EXERCISE DESCRIPTION
The copy should hold exactly the lines below from the one that contains "Twin Towers Of" through the one that contains "Red Thai Curry" and nothing else, so no pictures.

DATA
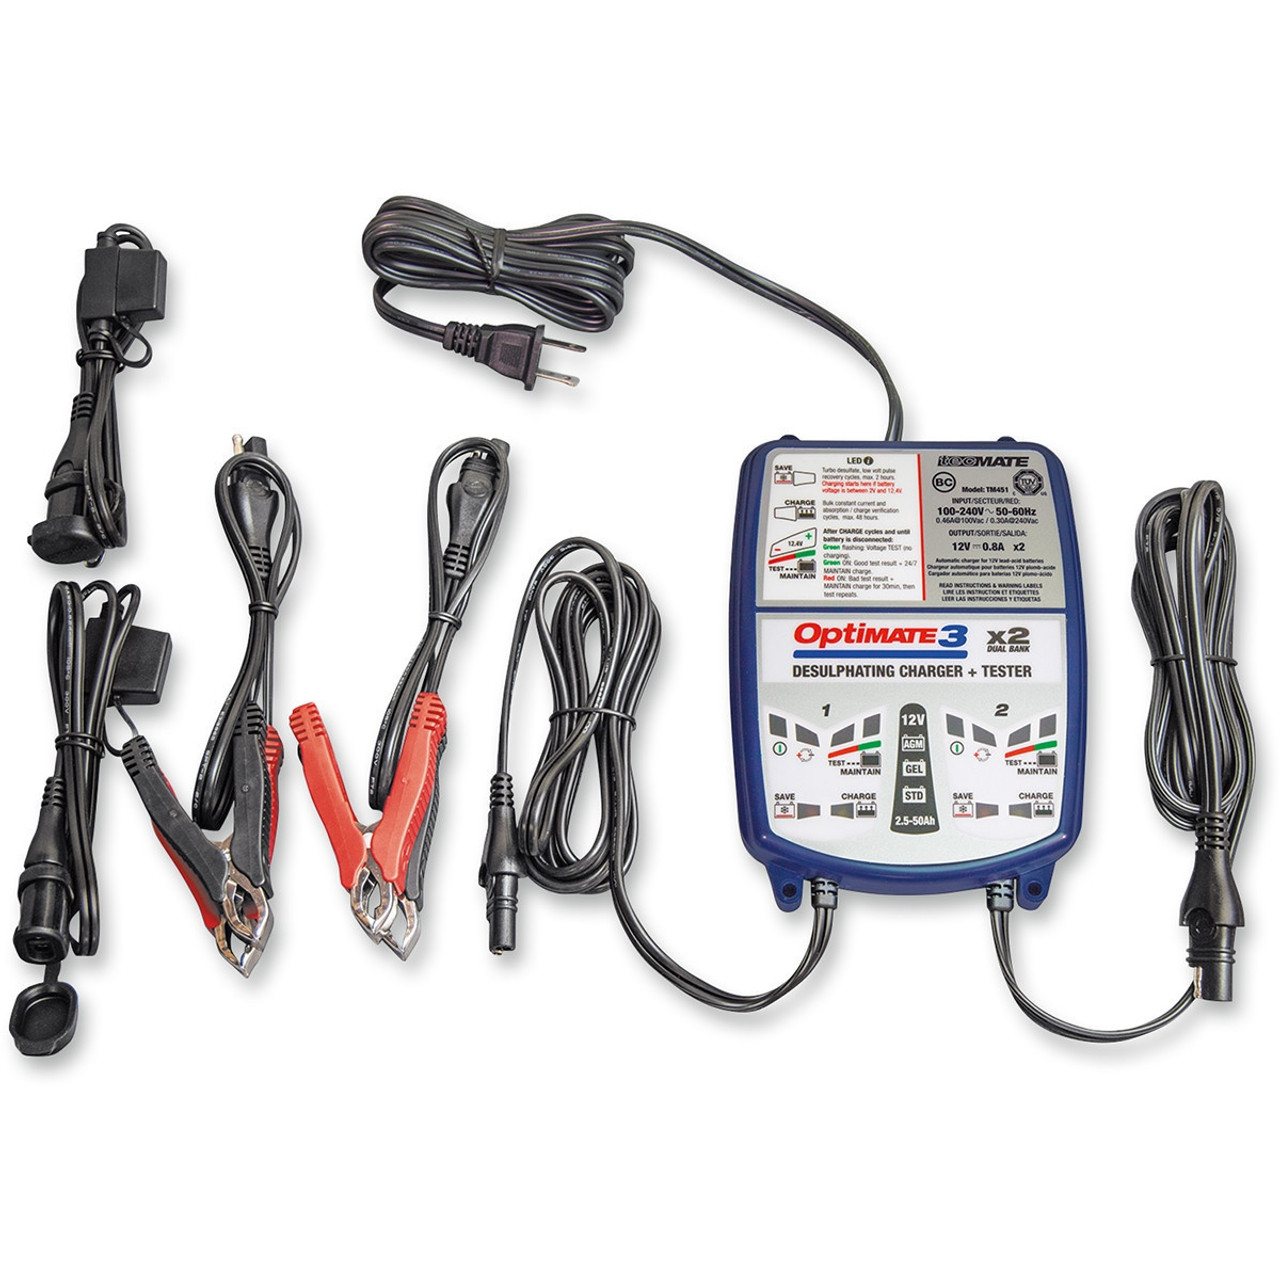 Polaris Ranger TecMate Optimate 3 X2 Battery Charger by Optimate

--

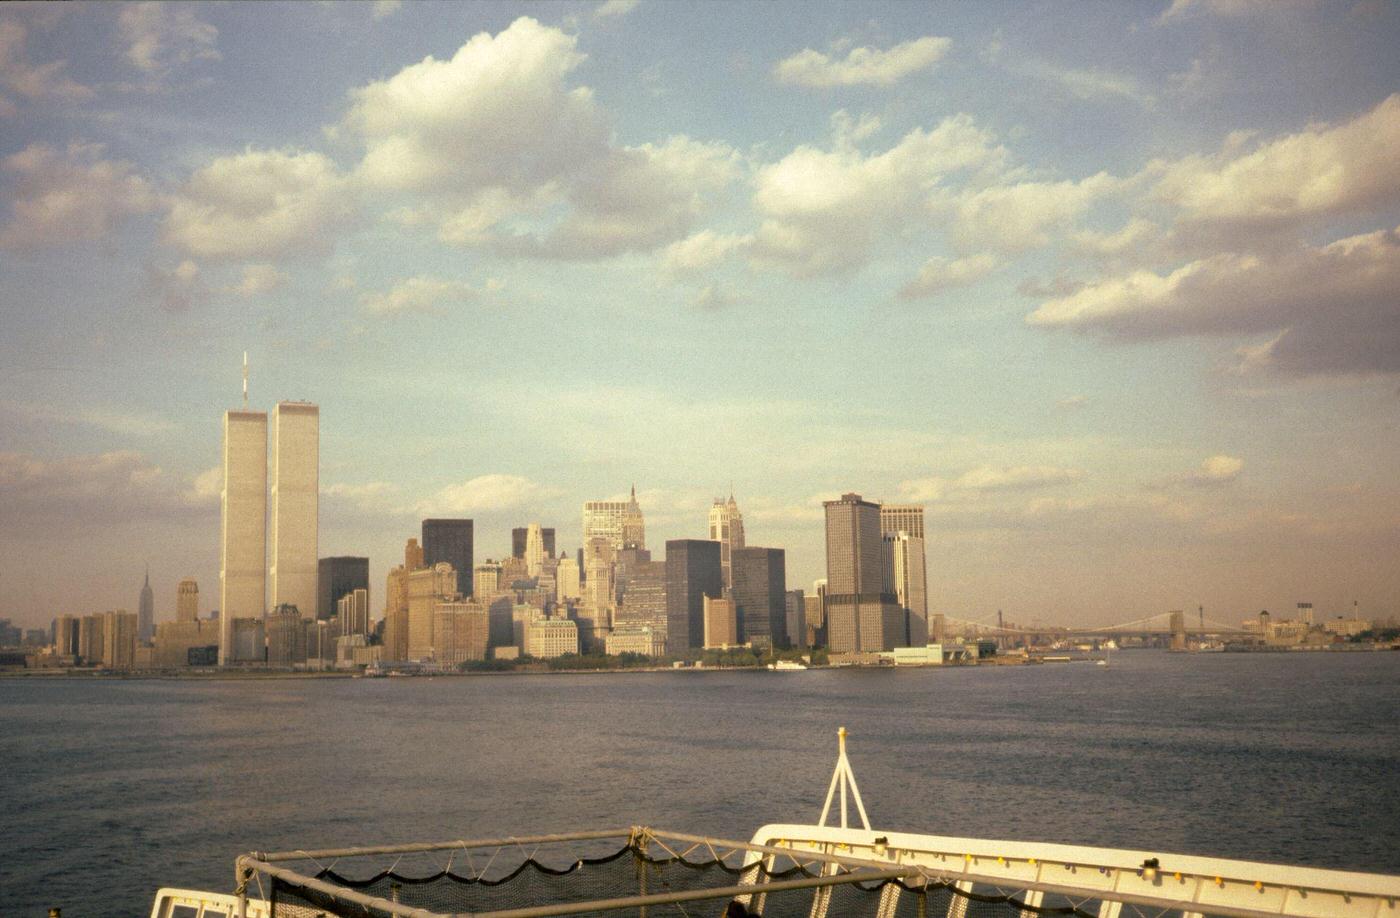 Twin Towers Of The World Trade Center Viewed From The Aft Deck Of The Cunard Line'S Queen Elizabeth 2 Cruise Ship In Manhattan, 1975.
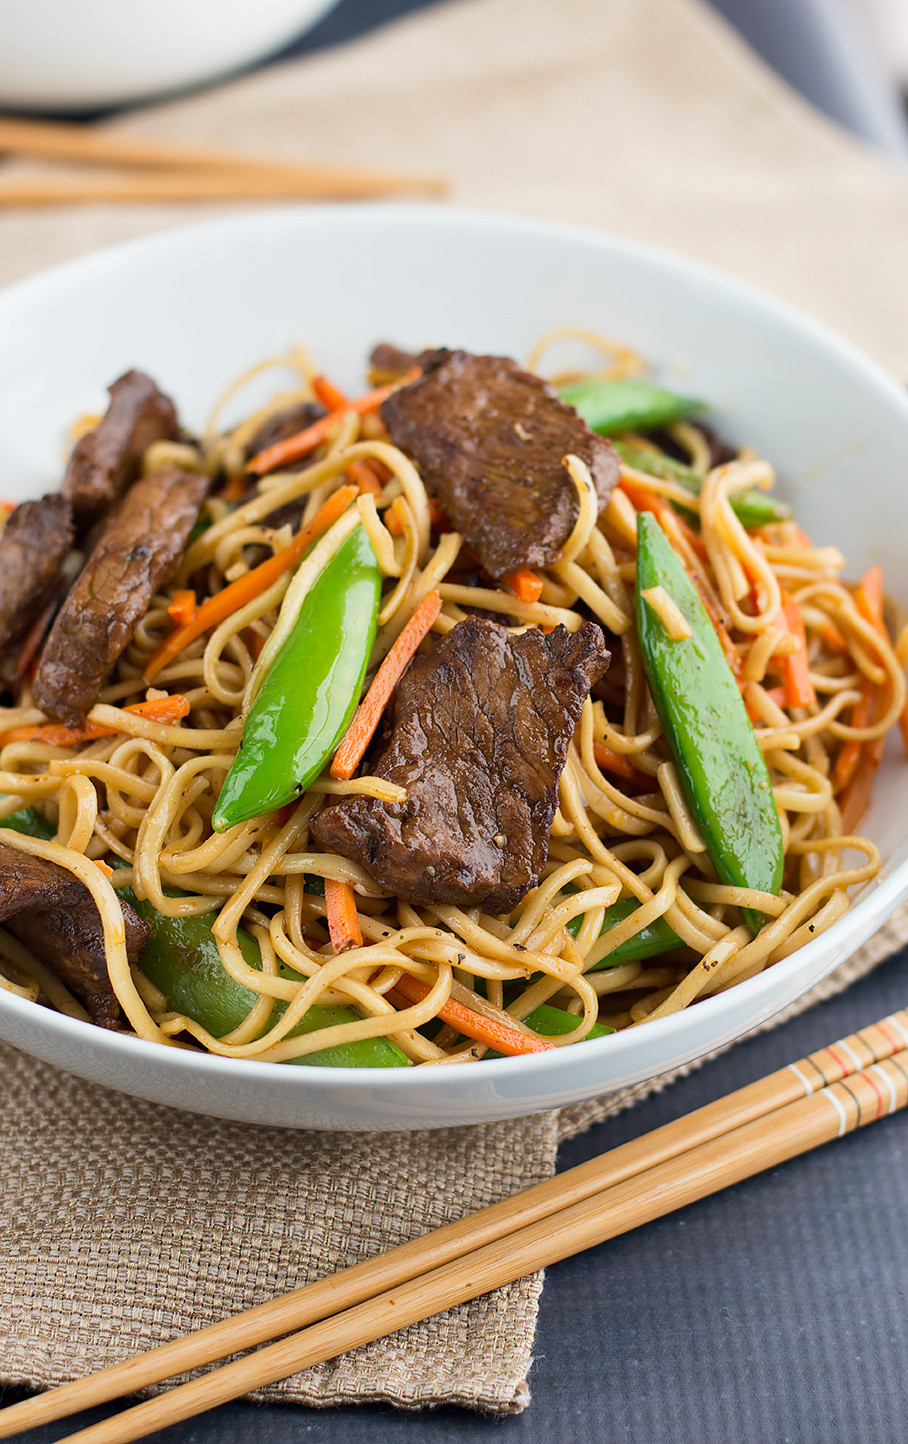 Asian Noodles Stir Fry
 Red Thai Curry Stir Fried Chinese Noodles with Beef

OUTPUT
 Twin Towers Of The World Trade Center Viewed From The Aft Deck Of The Cunard Line'S Queen Elizabeth 2 Cruise Ship In Manhattan, 1975.
 Asian Noodles Stir Fry
 Red Thai Curry Stir Fried Chinese Noodles with Beef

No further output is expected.